Because syntect's API exposes internal cacheable data structures, there is a caching strategy that text editors can use that allows the text on screen to be re-rendered instantaneously regardless of the file size when a change is made after the initial highlight.

Basically, on the initial parse every 1000 lines or so copy the parse state into a side-buffer for that line. When a change is made to the text, because of the way Sublime Text grammars work (and languages in general), only the highlighting after that change can be affected. Thus when a change is made to the text, search backwards in the parse state cache for the last state before the edit, then kick off a background task to start re-highlighting from there. Once the background task highlights past the end of the current editor viewport, render the new changes and continue re-highlighting the rest of the file in the background.

This way from the time the edit happens to the time the new colouring gets rendered in the worst case only 999+length of viewport lines must be re-highlighted. Given the speed of syntect even with a long file and the most complicated syntax and theme this should take less than 100ms. This is enough to re-highlight on every key-stroke of the world's fastest typist in the worst possible case. And you can reduce this asymptotically to the length of the viewport by caching parse states more often, at the cost of more memory.

Any time the file is changed the latest cached state is found, the cache is cleared after that point, and a background job is started. Any already running jobs are stopped because they would be working on old state. This way you can just have one thread dedicated to highlighting that is always doing the most up-to-date work, or sleeping.

Examples Available

There's a number of examples of programs that use syntect in the examples folder and some code outside the repo:

  • syncat prints a highlighted file to the terminal using 24-bit colour ANSI escape codes. It demonstrates a simple file highlighting workflow.
  • synhtml prints an HTML file that will display the highlighted code. Demonstrates how syntect could be used by web servers and static site generators.
  • synstats collects a bunch of statistics about the code in a folder. Includes basic things like line count but also fancier things like number of functions. Demonstrates how syntect can be used for code analysis as well as highlighting, as well as how to use the APIs to parse out the semantic tokenization.
  • faiyels is a little code minimap visualizer I wrote that uses syntect for highlighting.

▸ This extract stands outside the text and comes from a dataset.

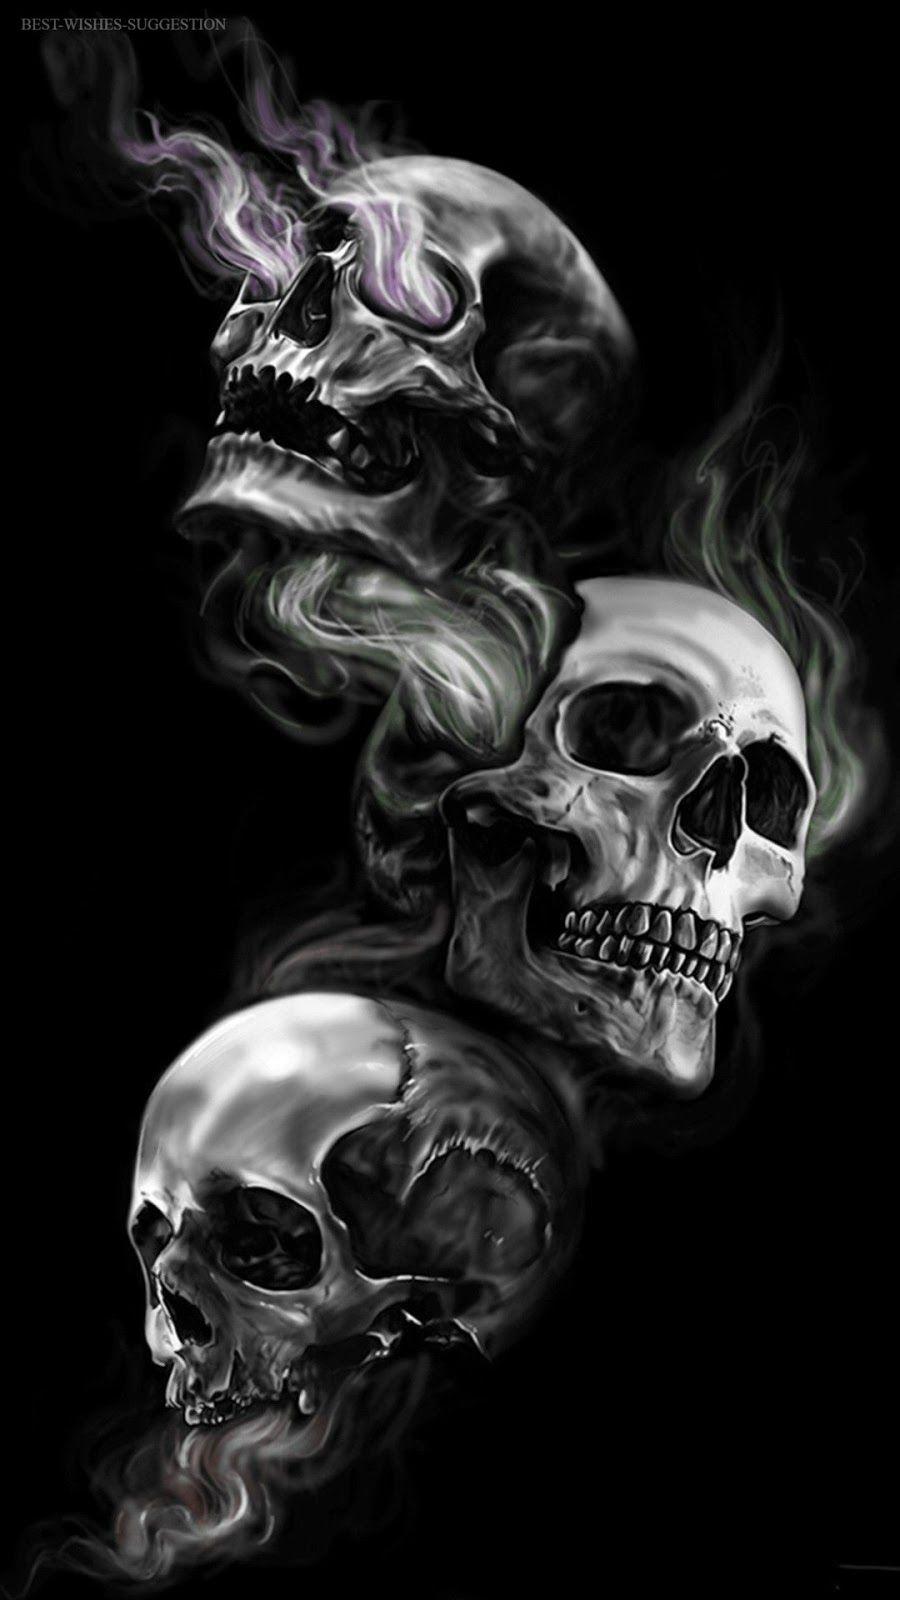 Iphone Wallpaper Iphone Mobile Wallpaper Skull Wallpaper Iphone Black Skulls Wallpaper Skulls Drawing Tattoo wallpaper for mobile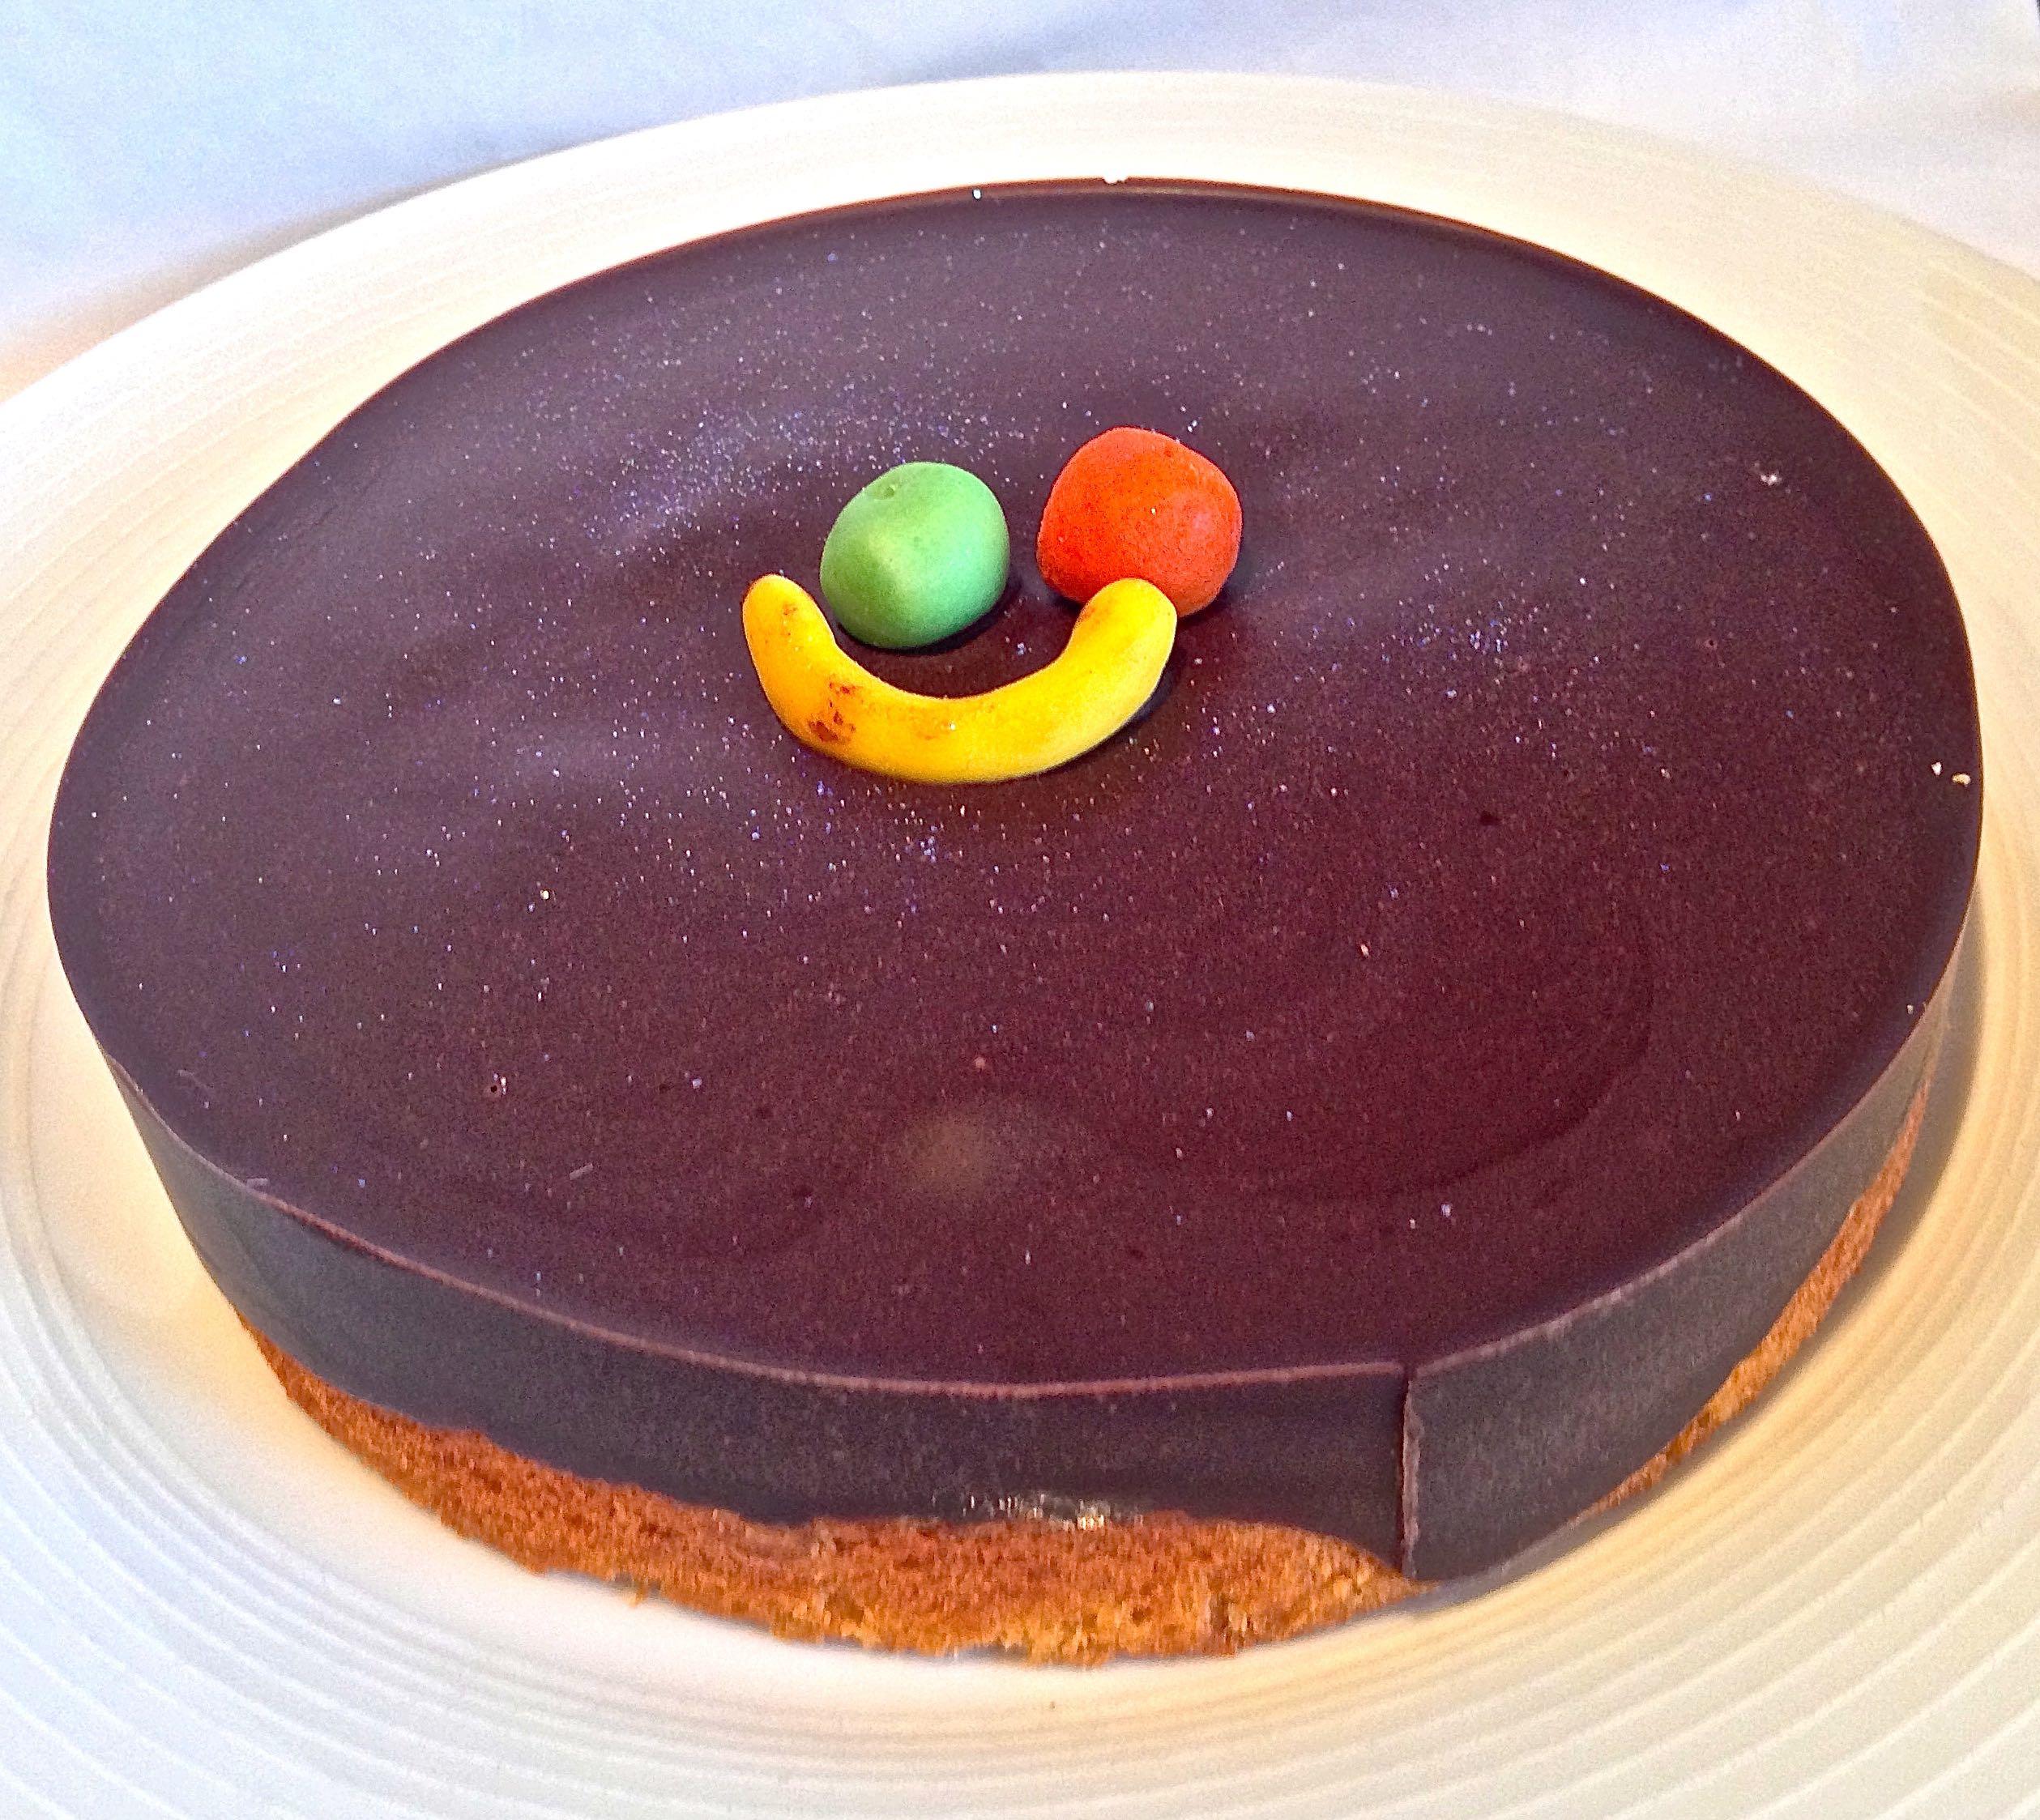 Tunis Cake A British Christmas Tradition

Here's that stats that synstats extracts from syntect's codebase (not including examples and test data) as of this commit:

################## Stats ###################
File count:                               19
Total characters:                     155504

Function count:                          165
Type count (structs, enums, classes):     64

Code lines (traditional SLOC):          2960
Total lines (w/ comments & blanks):     4011
Comment lines (comment but no code):     736
Blank lines (lines-blank-comment):       315

Lines with a documentation comment:      646
Total words written in doc comments:    4734
Total words written in all comments:    5145
Characters of comment:                 41099

License and Acknowledgements

Thanks to Textmate 2 and @defuz's sublimate for the existing open source code I used as inspiration and in the case of sublimate's tmTheme loader, copy-pasted. All code (including defuz's sublimate code) is released under the MIT license.